Germany: Inflation eases in February from the prior month
Latest reading: Harmonized consumer prices rose 1.9% in annual terms in February, following a 2.1% increase in the prior month. February’s reading fell short of market expectations and was the joint-weakest since September 2024.
Relative to the previous month’s figures, there were milder price pressures for food and non-alcoholic beverages (+1.9% in annual terms vs +2.9% in January), housing and utilities (+0.5% vs +0.6% in January) and recreation (+2.1% vs +2.3% in January). In contrast, price pressures were higher for transportation in February (+2.2% vs +2.0% in January). Finally, the change in restaurant and hotel prices was the same as in the prior month (+3.2% in February and January).
Meanwhile, consumer prices rose 1.9% in February, following a 2.1% increase in the prior month.

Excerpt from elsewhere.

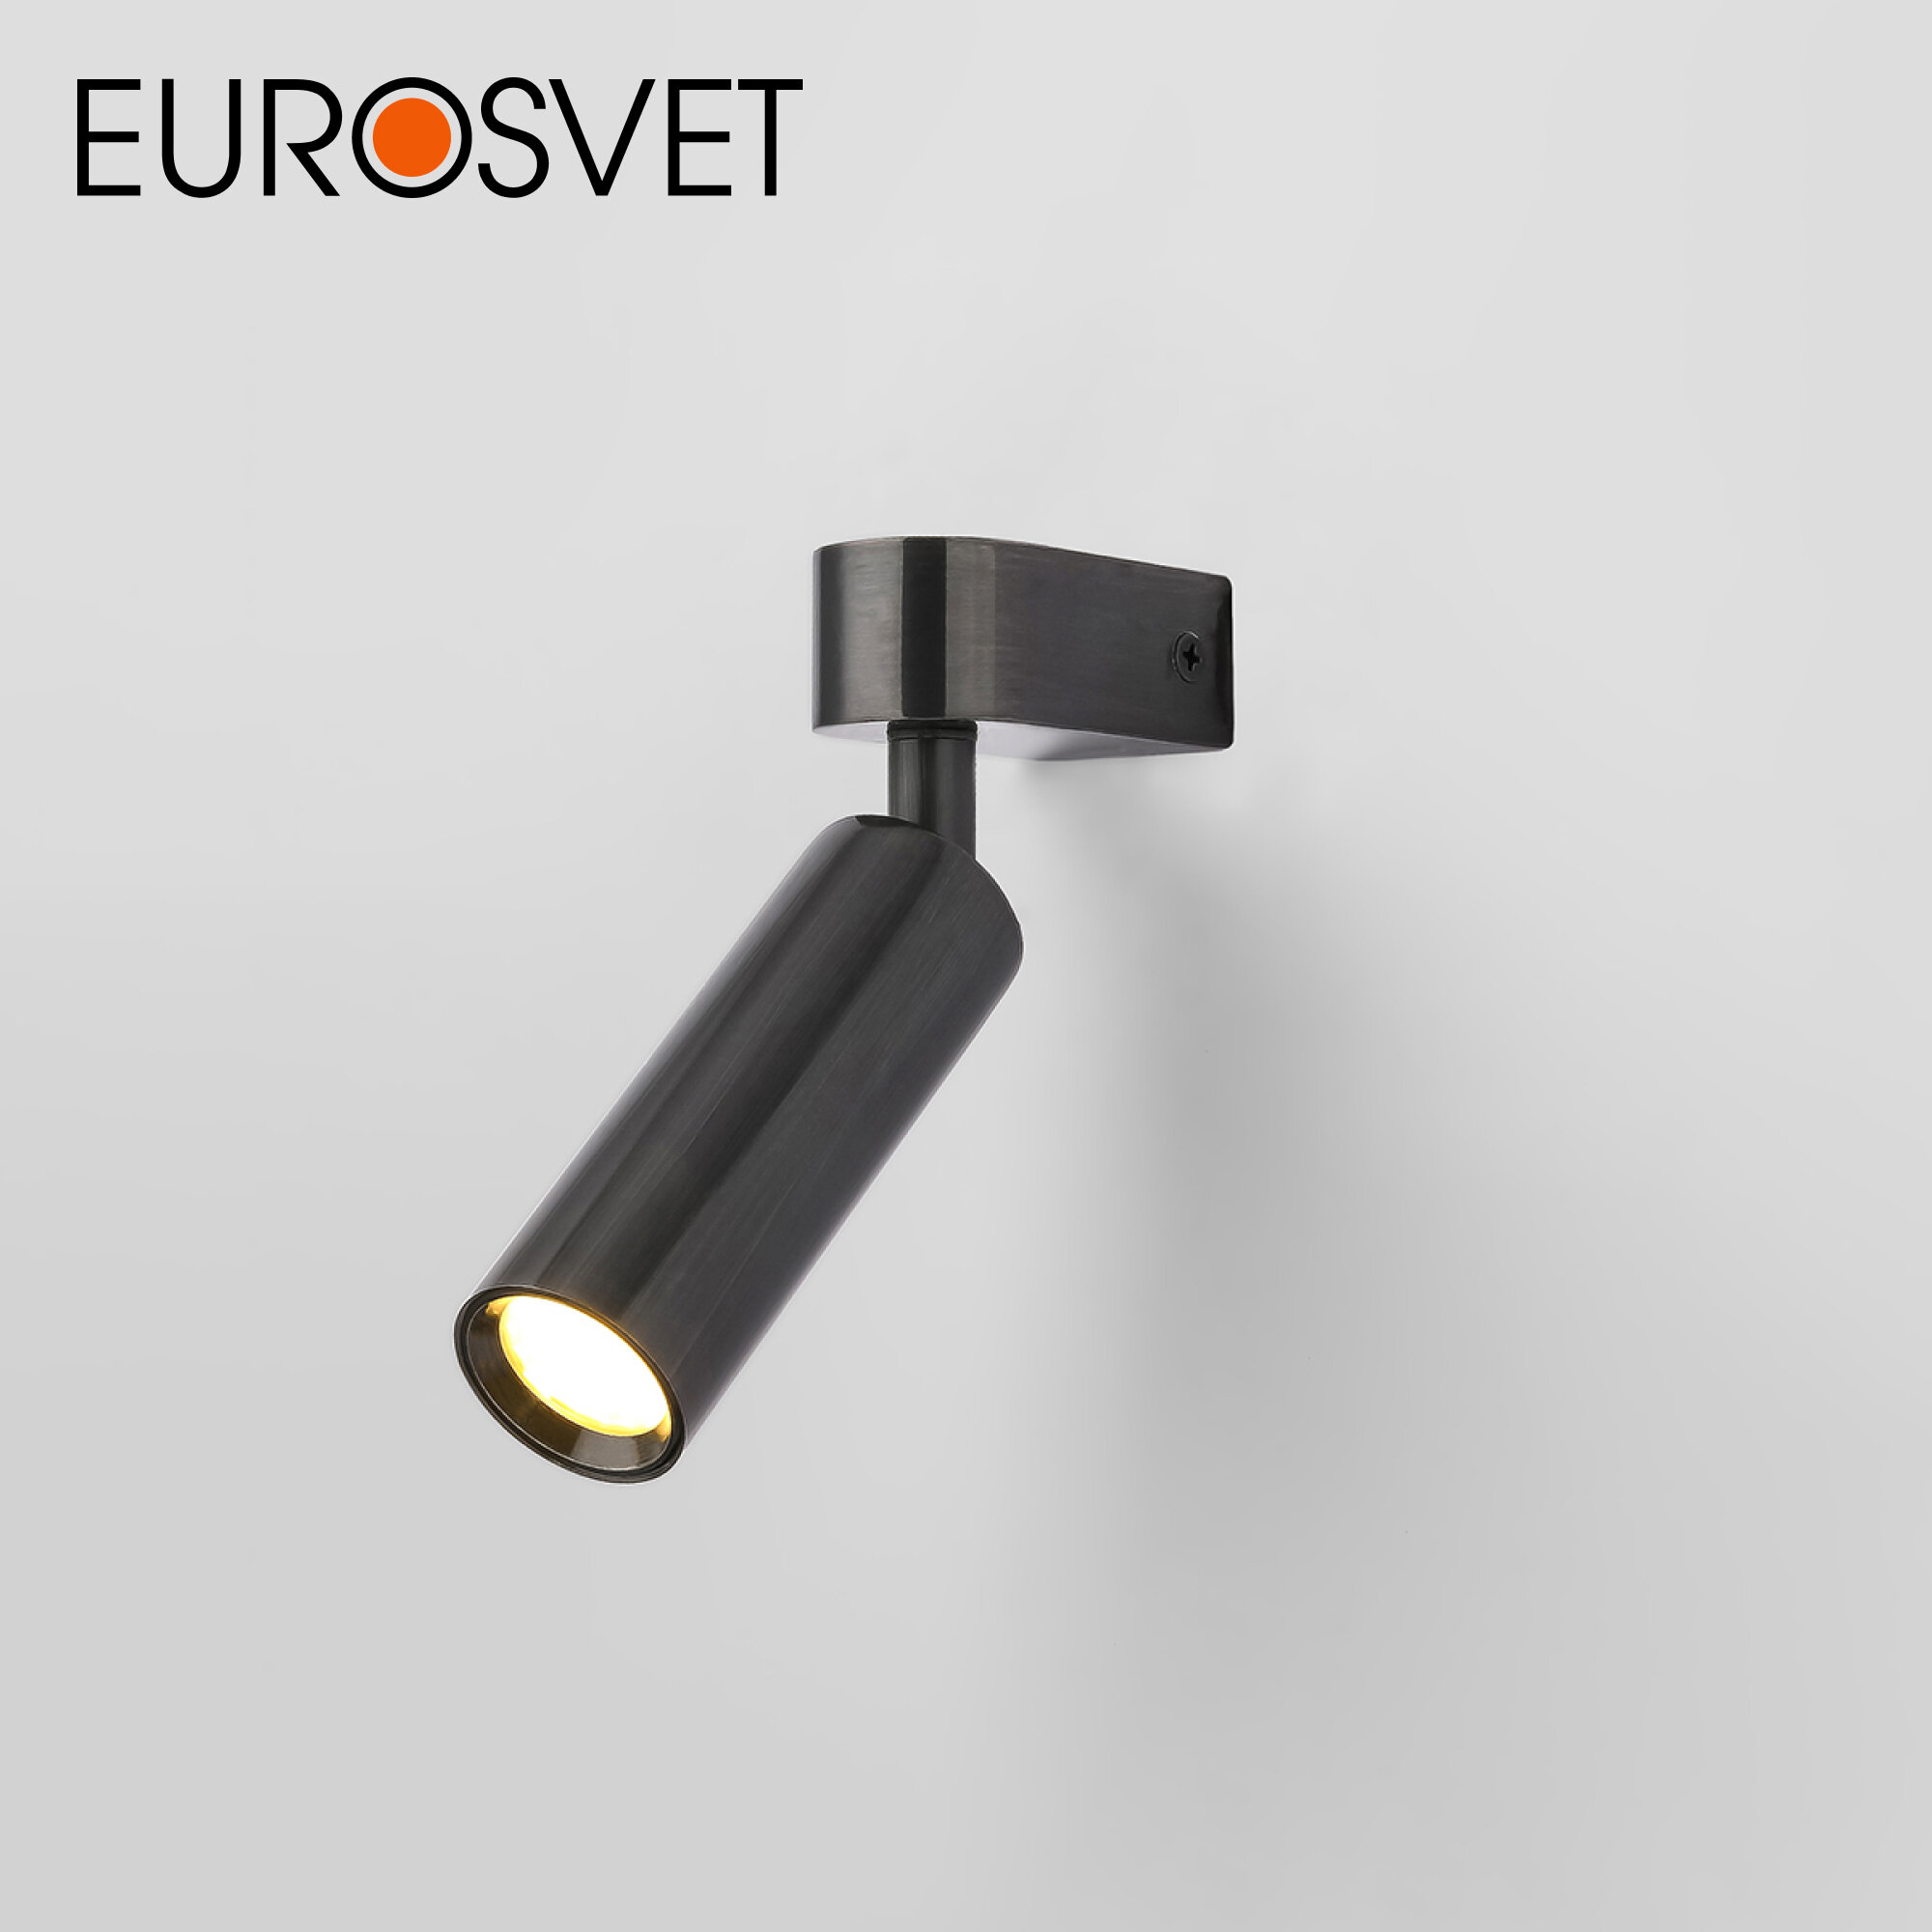 Спот / Настенный светодиодный светильник с поворотным плафоном Eurosvet Pitch 20143/1 LED, 3 Вт, 4200 К, цвет черный жемчуг, IP20

Finally, harmonized consumer prices were up 0.38% in February in month-on-month terms, following a 0.11% decline in the previous month.
Panelist insight: Commenting on the outlook, Holger Schmieding, chief economist at Berenberg, stated:
“Higher government spending [due to the fiscal stimulus] will also put upward pressure on prices. The new government needs to implement pro-growth supply-side reforms to raise trend growth and limit inflation. Cuts to corporate taxes, a pruning of welfare benefits and a more rational energy policy would make faster sustained growth possible. […] An extended Gulf conflict would push up inflation sharply and undermine the strengthening of private consumption and investment in our forecast this year.”